Looking like something that stepped straight out from the pages of a sci-fi novel, the Mola Mola is one of the most bizarre looking fish to call the ocean home. Resembling a giant floating pancake with fins that look like Dumbo the Elephants’ ears, the Mola Mola (or sunfish) is the largest bony fish in the ocean. Reaching over 3 .5 m wide and weighing over 2 000 kilograms, these funny looking fish are a rare treat to dive with.

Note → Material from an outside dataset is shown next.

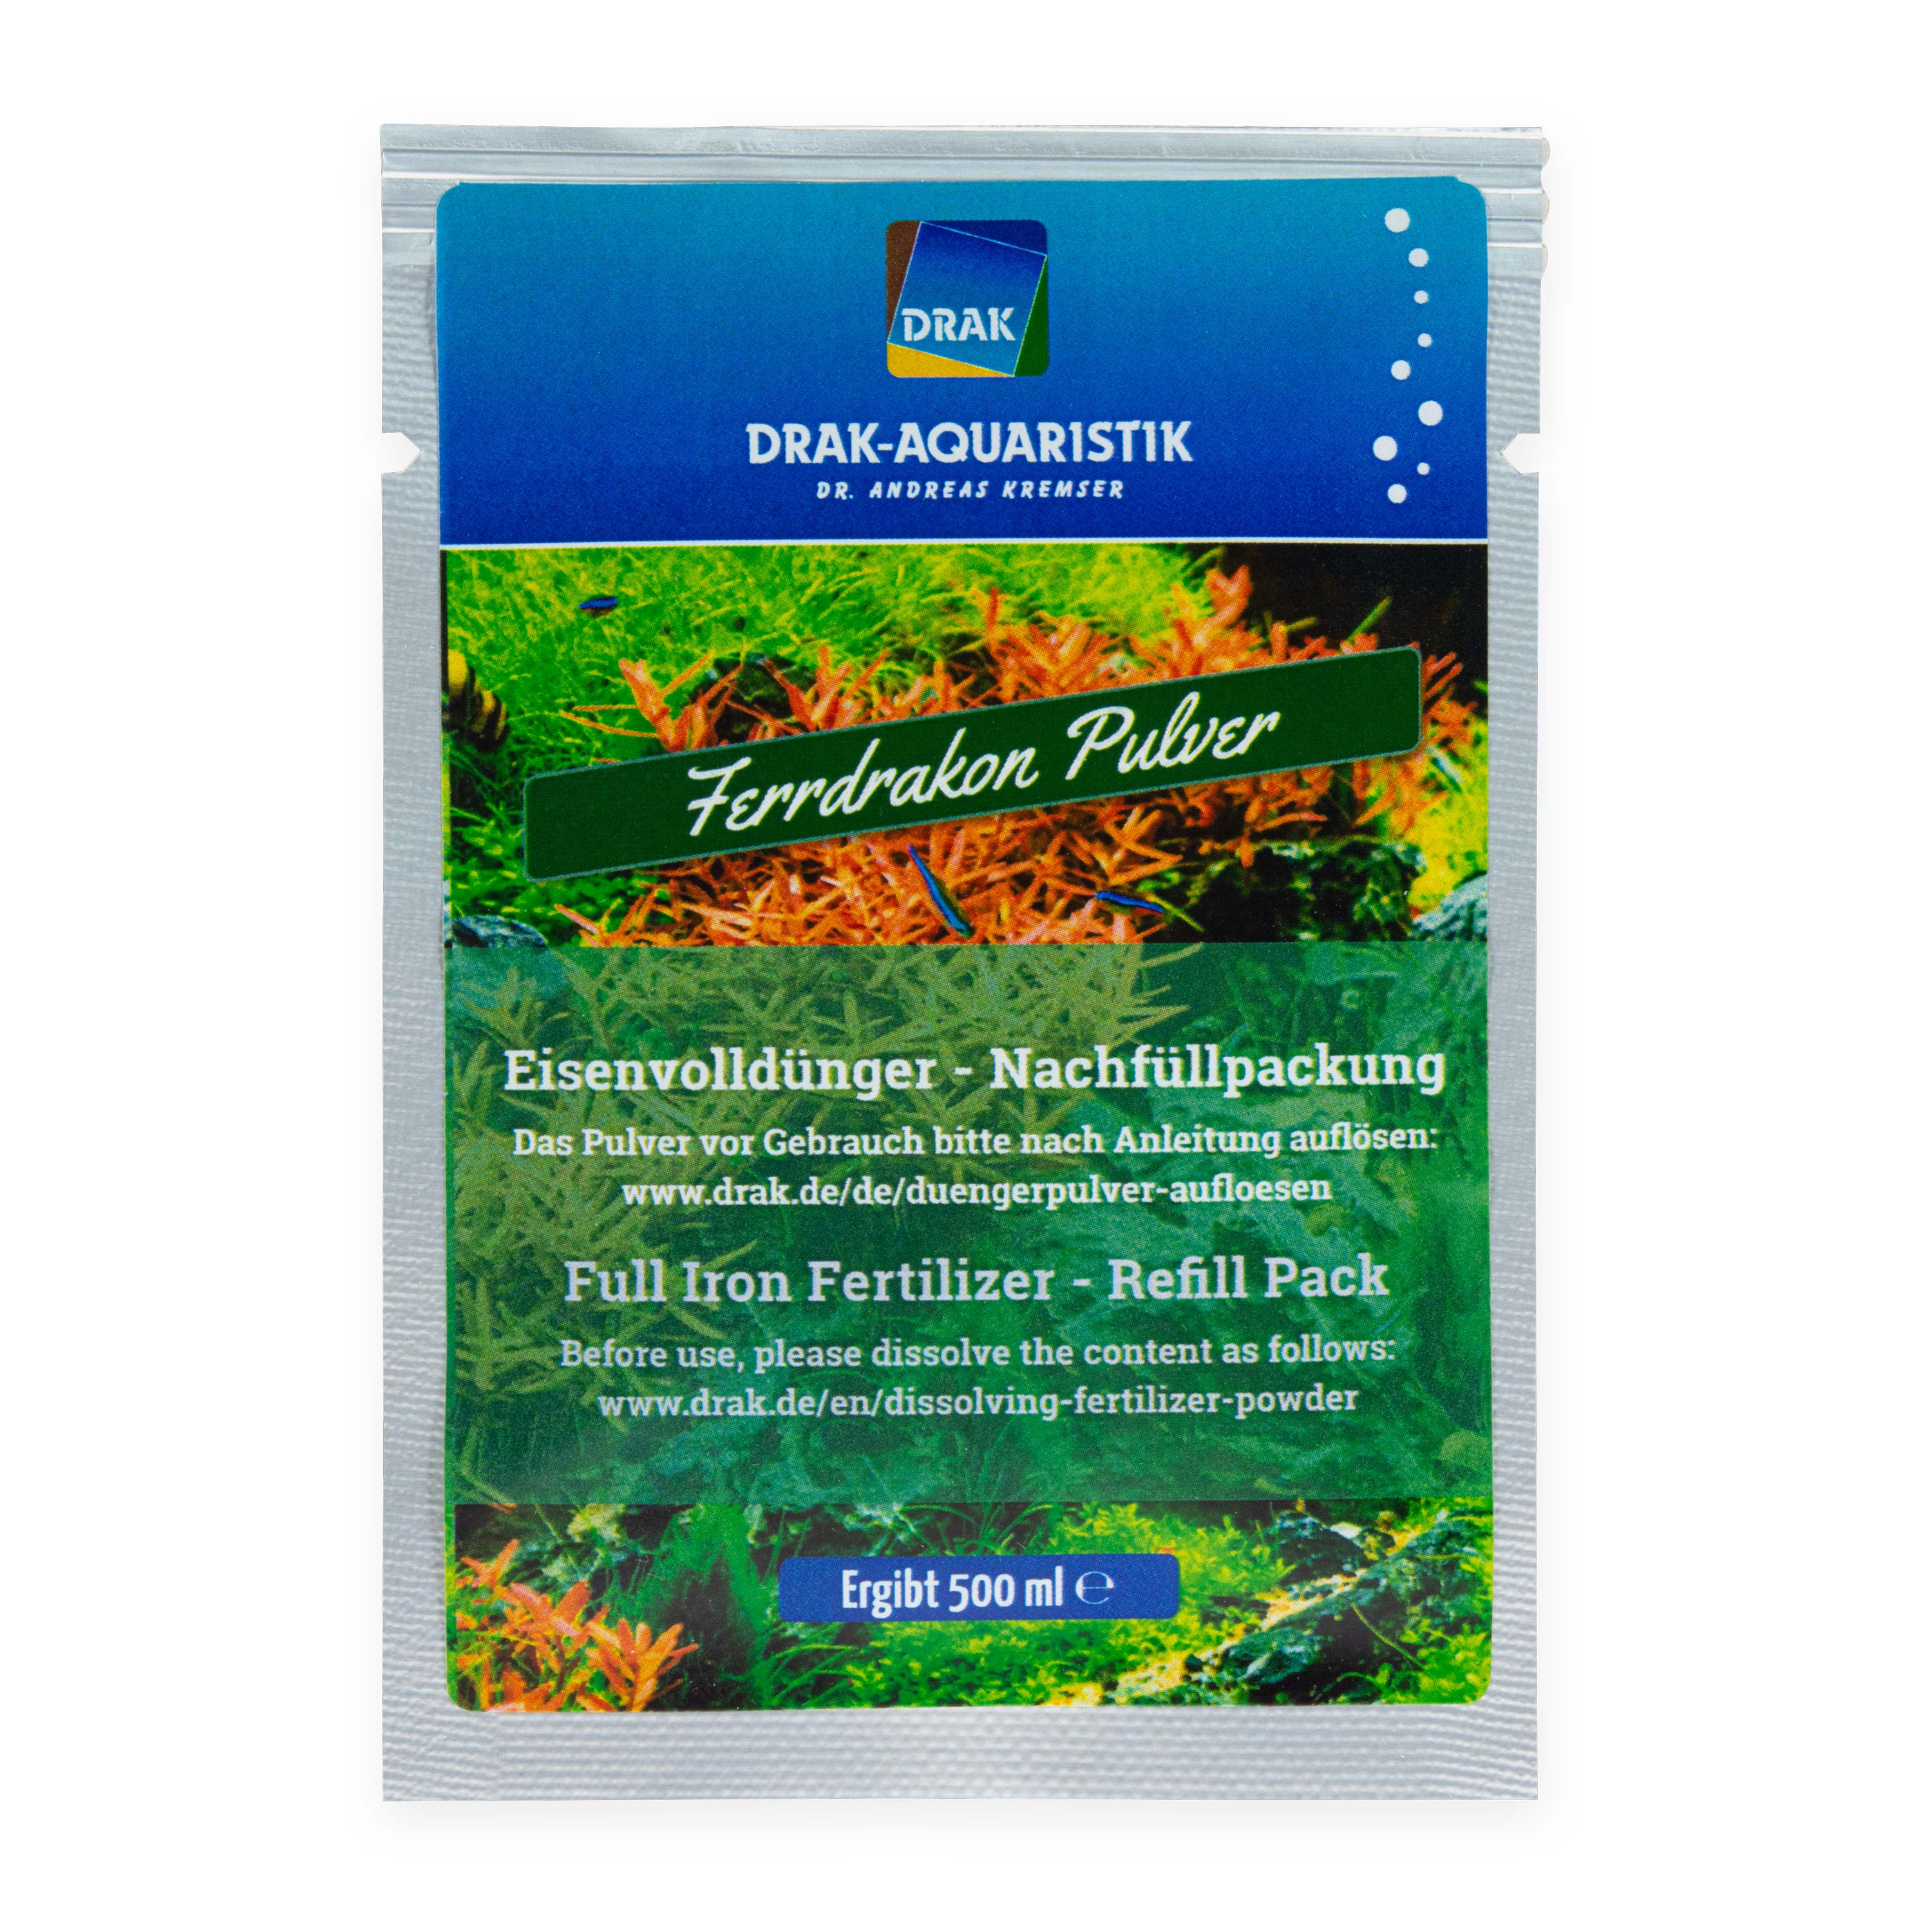 Ferrdrakon Full Iron Fertilizer 0.5 l Refill

The Mola Mola looks like it’s missing a tail, which technically it is. Sunfish are born with a back fin, but this fin never develops after this early stage of life. As the huge fish matures, the back fin folds into itself and begins to form a rounded rudder as the fish grows, referred to as a clavus. Sunfish aren’t the most graceful of swimmers, propelling themselves underwater with their anal and dorsal fins and using this clavus to steer their enormous weight through the ocean.

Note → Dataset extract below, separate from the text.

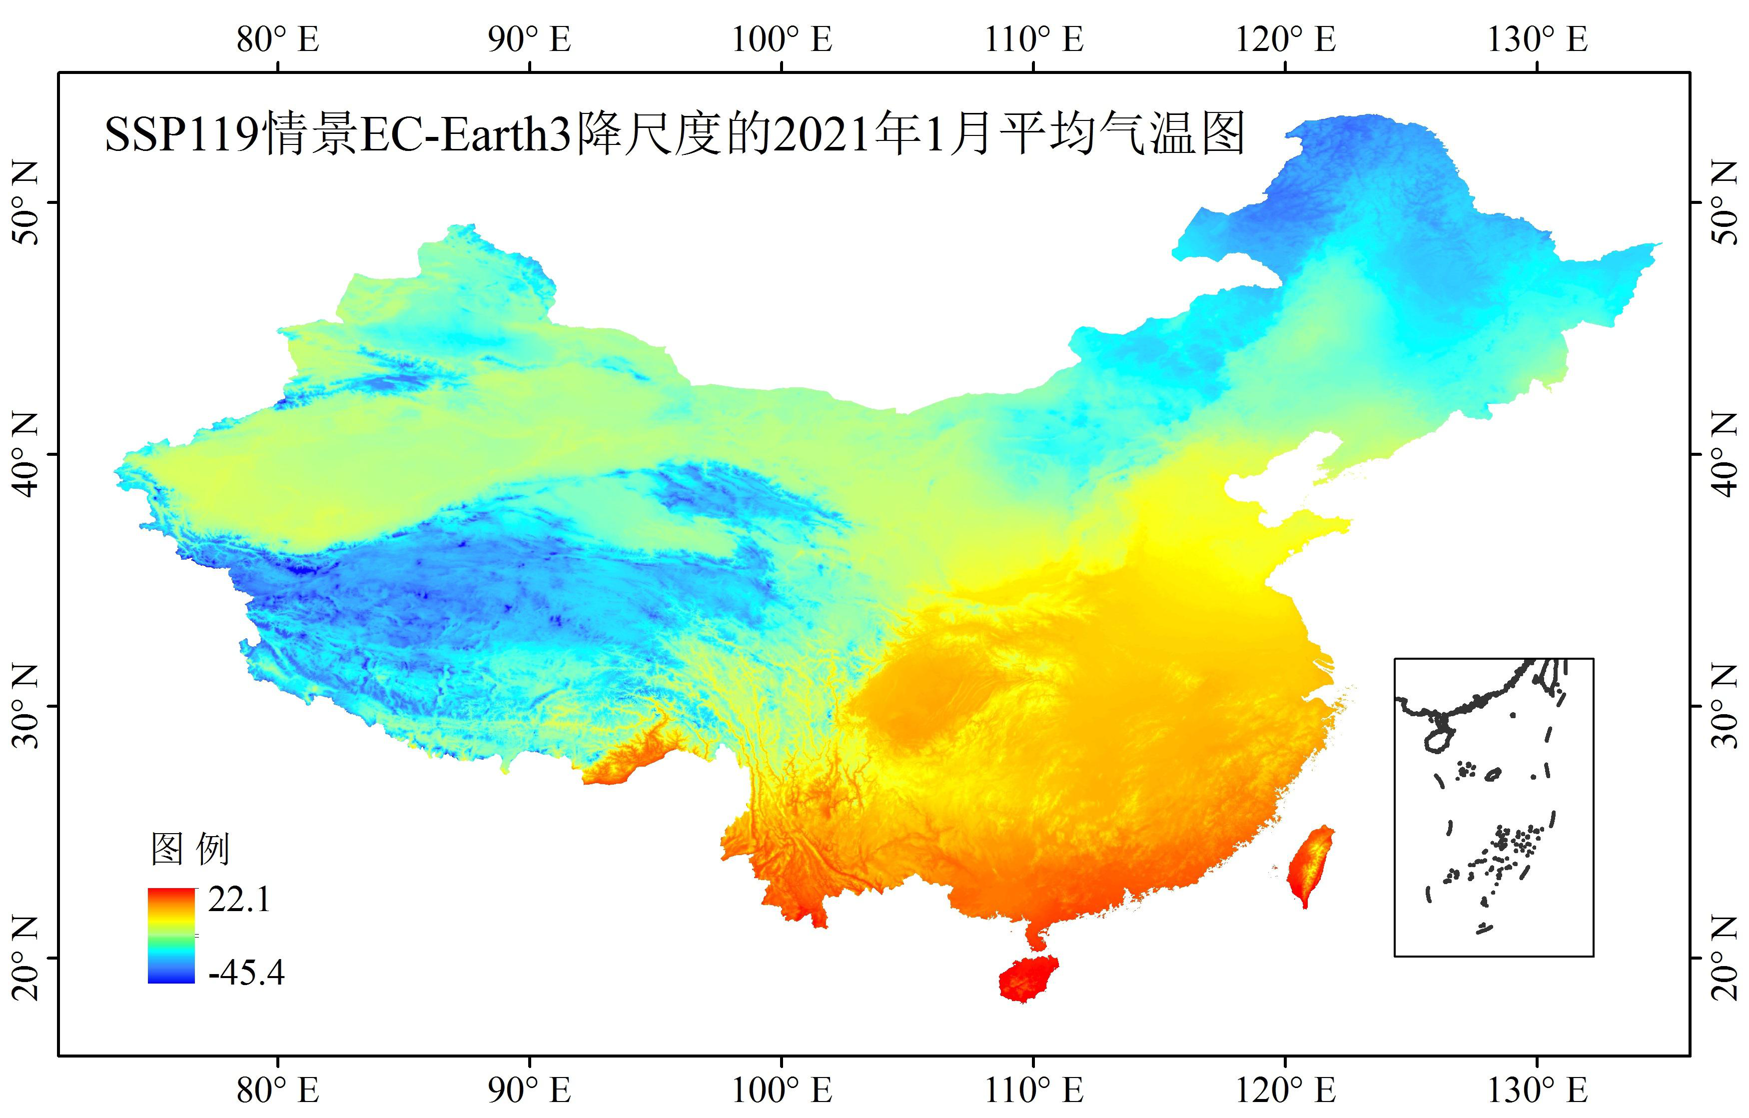 1 km multi-scenario and multi-model monthly temperature data for China in 2021-2100

Sunfish spend most of their adult life in temperate and tropical deep water, only coming into shallower water to visit cleaning stations. Mola Molas’ rough, silvery skin can become so infested with parasites that they will seek out small fish or birds to pick them off, lying on the surface of the ocean as their parasitic problems become another species lunch. Oceanic Sunfish can play host to up to forty different species of parasite, so cleaning sites provide some much needed relief for these giant harmless fish.
The aptly named ‘Sunfish’ is known for spending time on the surface, lazily basking in the sun. It is believed that they do this prior to a deep dive (mature sunfish can dive to over 200m and have been recorded at depths of 600 metres) or after returning from one, to warm their bodies up. A team of scientists from the University of Tokyo recently discovered the sunfish swim back and forth between the surface every day, returning to the bask in the sun in between feeds to warm their bodies. In comparison to the vast surface area of the fish, the team found that the sunfish were able to re-heat their bodies after a deep sea forage surprisingly quickly, which suggests that these fish have some sort of physiological mechanism to do this.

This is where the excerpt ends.